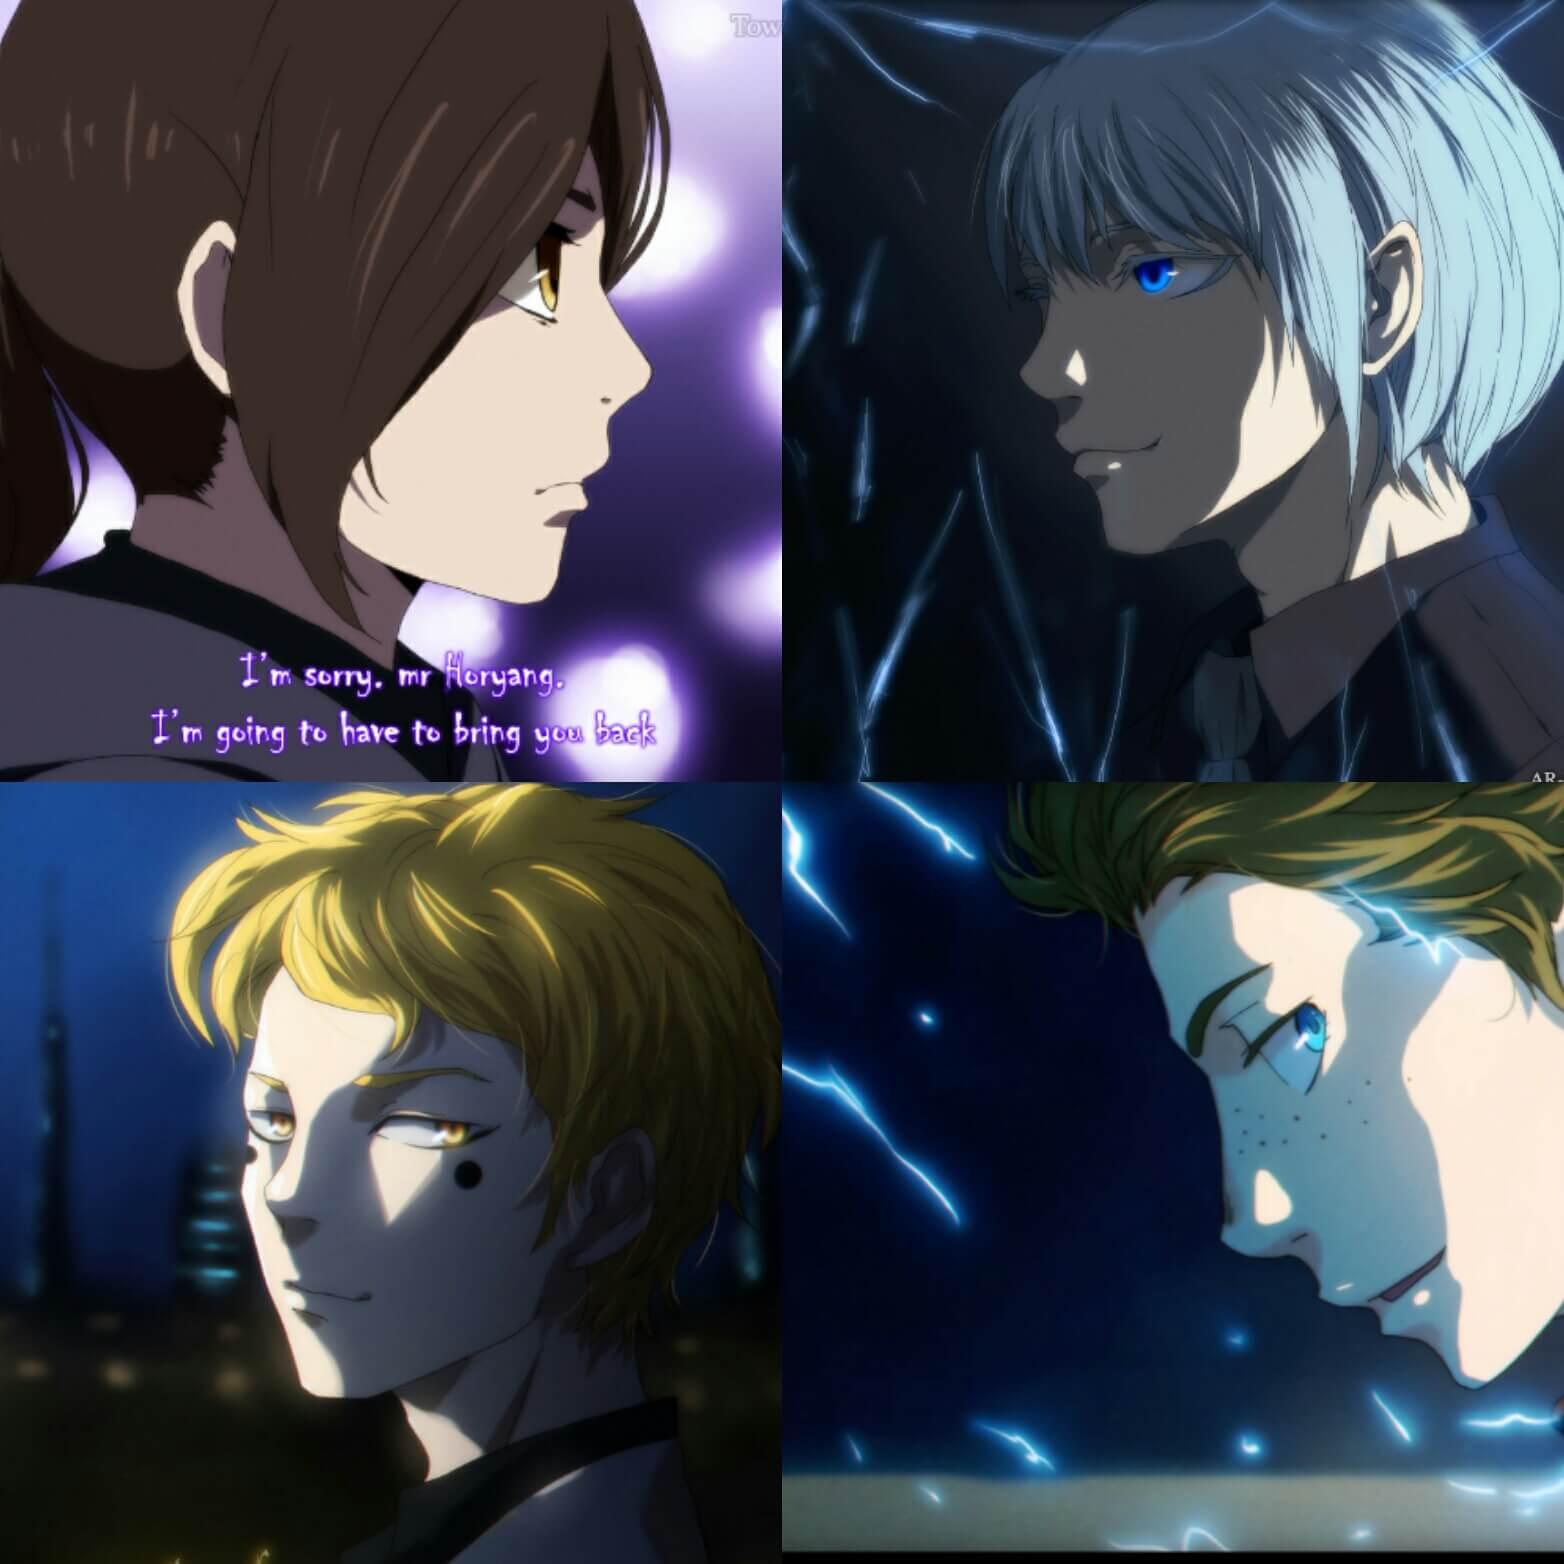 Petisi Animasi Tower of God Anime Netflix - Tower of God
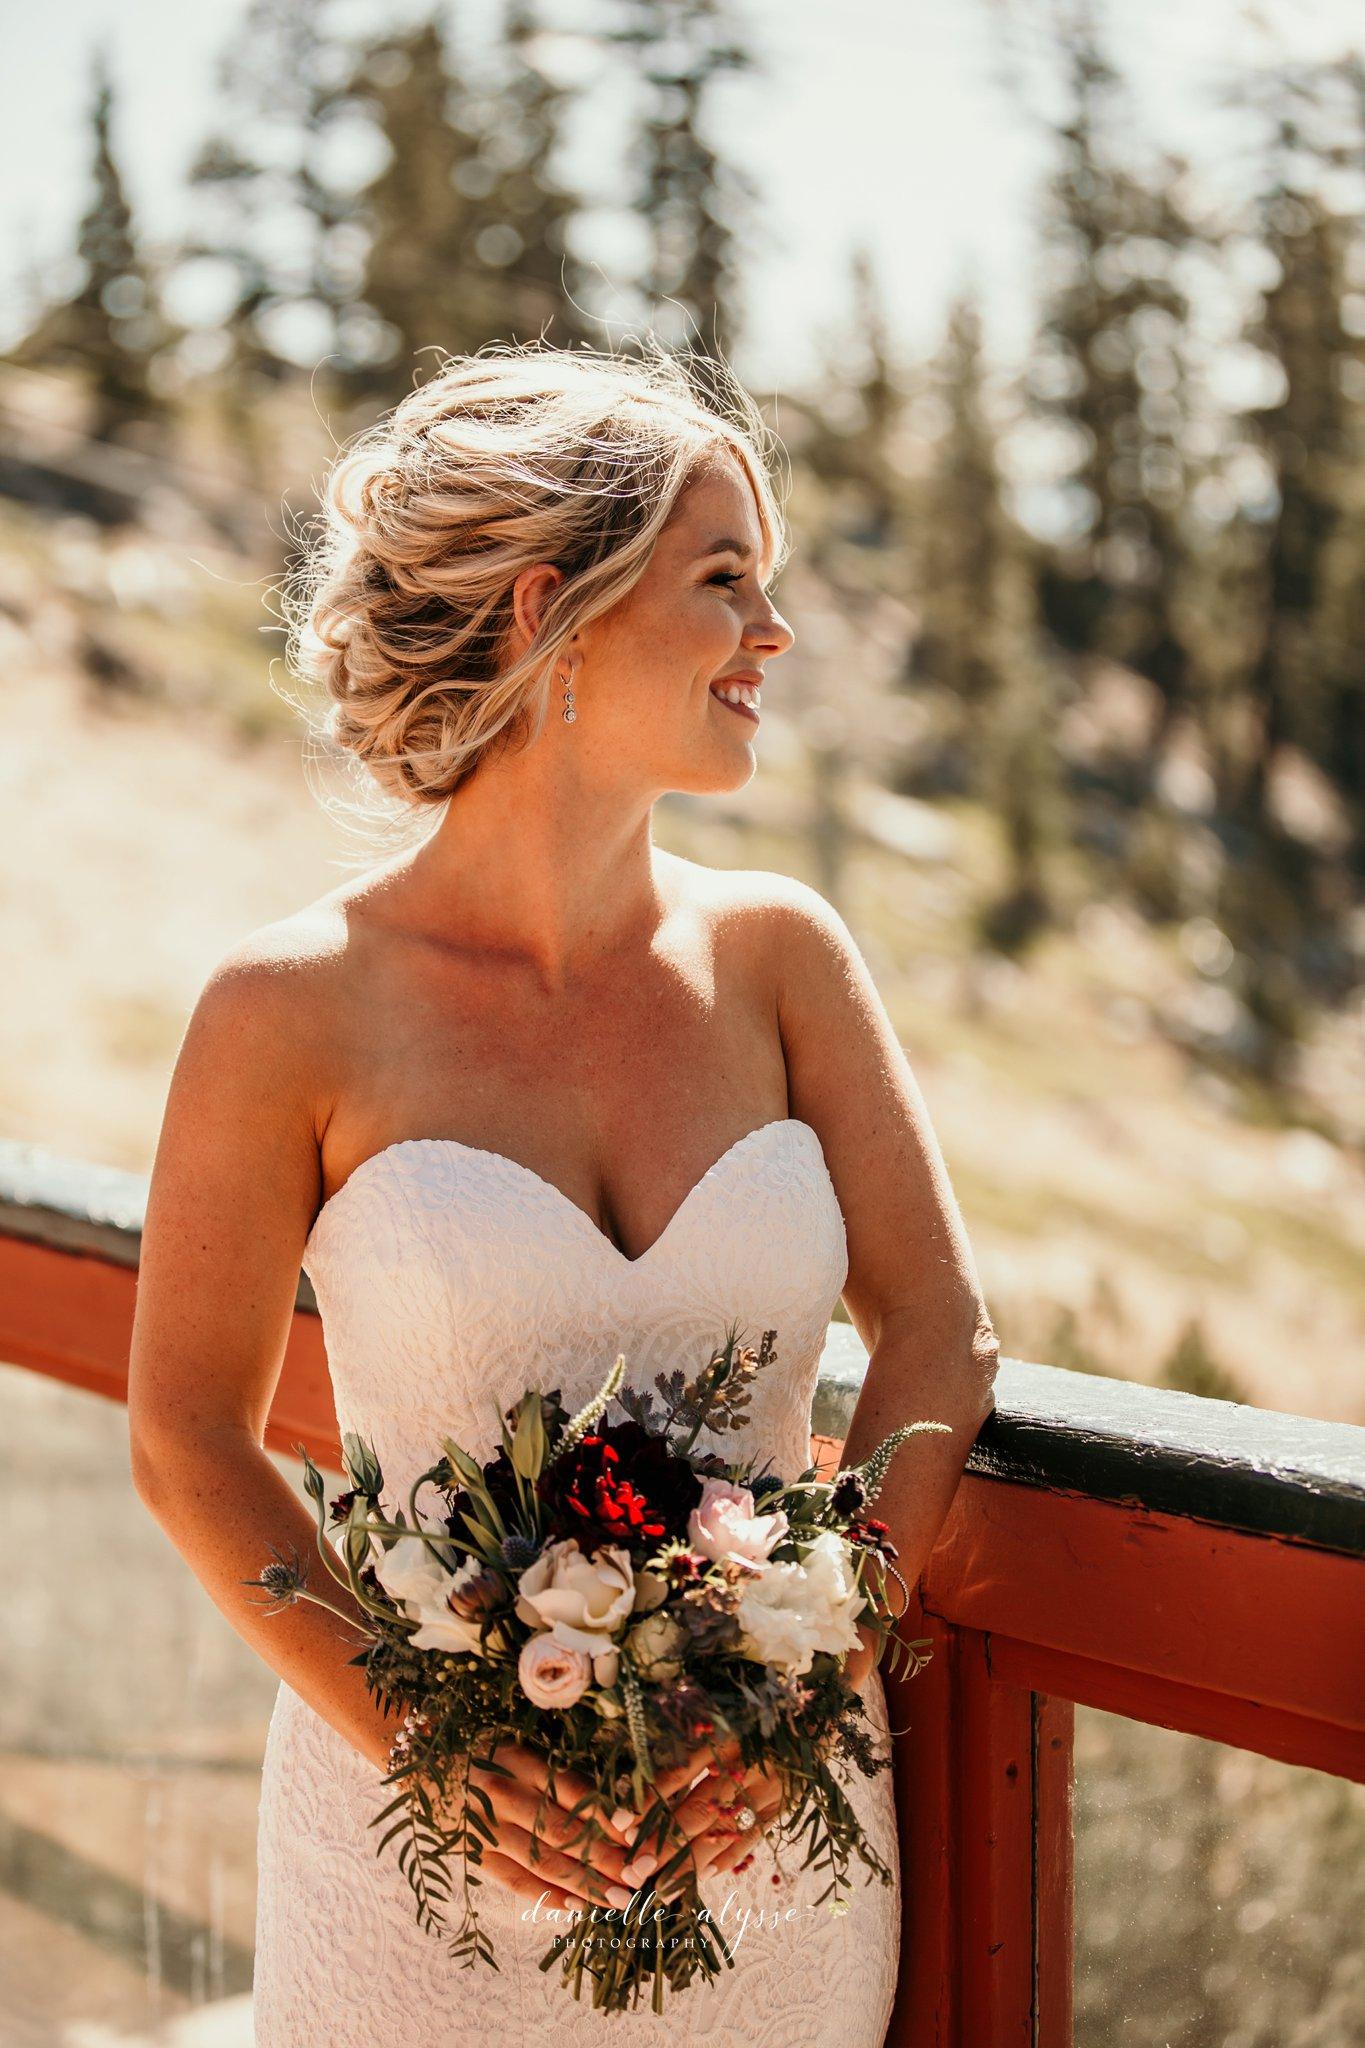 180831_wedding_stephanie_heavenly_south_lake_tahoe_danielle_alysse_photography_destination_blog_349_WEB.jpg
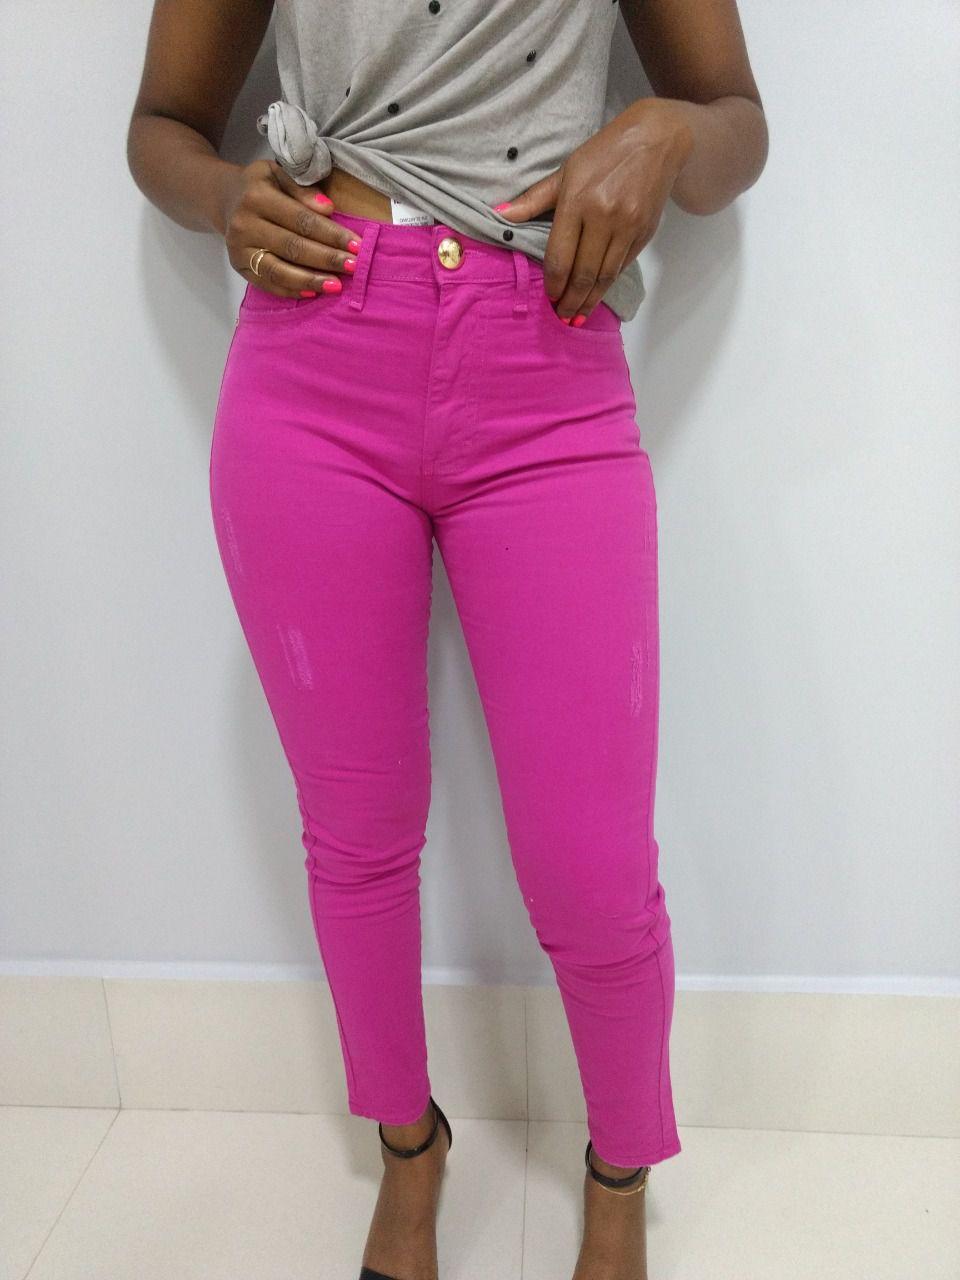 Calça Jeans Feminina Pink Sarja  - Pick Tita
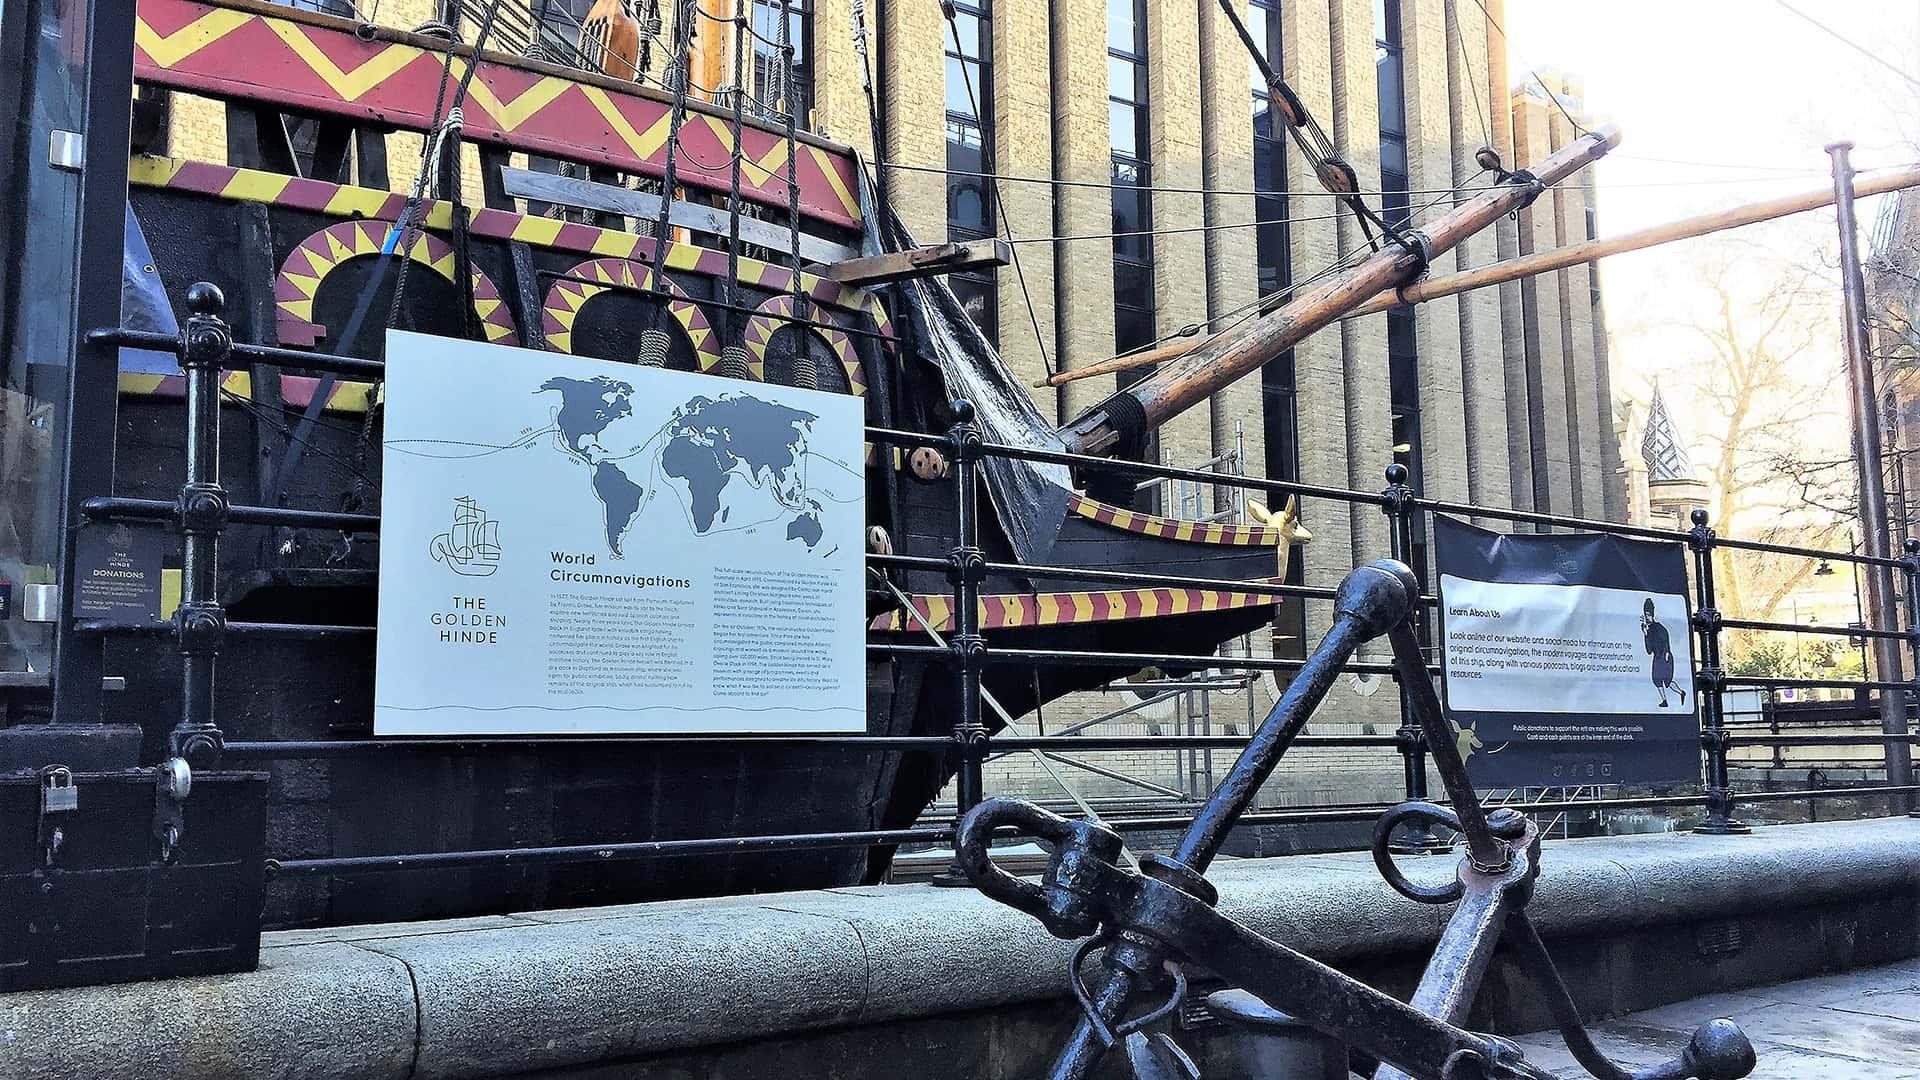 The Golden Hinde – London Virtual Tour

Work instructions: An exact copy of the listing is required; return it without any pictures.

Response area:
 Petisi Animasi Tower of God Anime Netflix - Tower of God
 180831_wedding_stephanie_heavenly_south_lake_tahoe_danielle_alysse_photography_destination_blog_349_WEB.jpg
 Calça Jeans Feminina Pink Sarja  - Pick Tita
 The Golden Hinde – London Virtual Tour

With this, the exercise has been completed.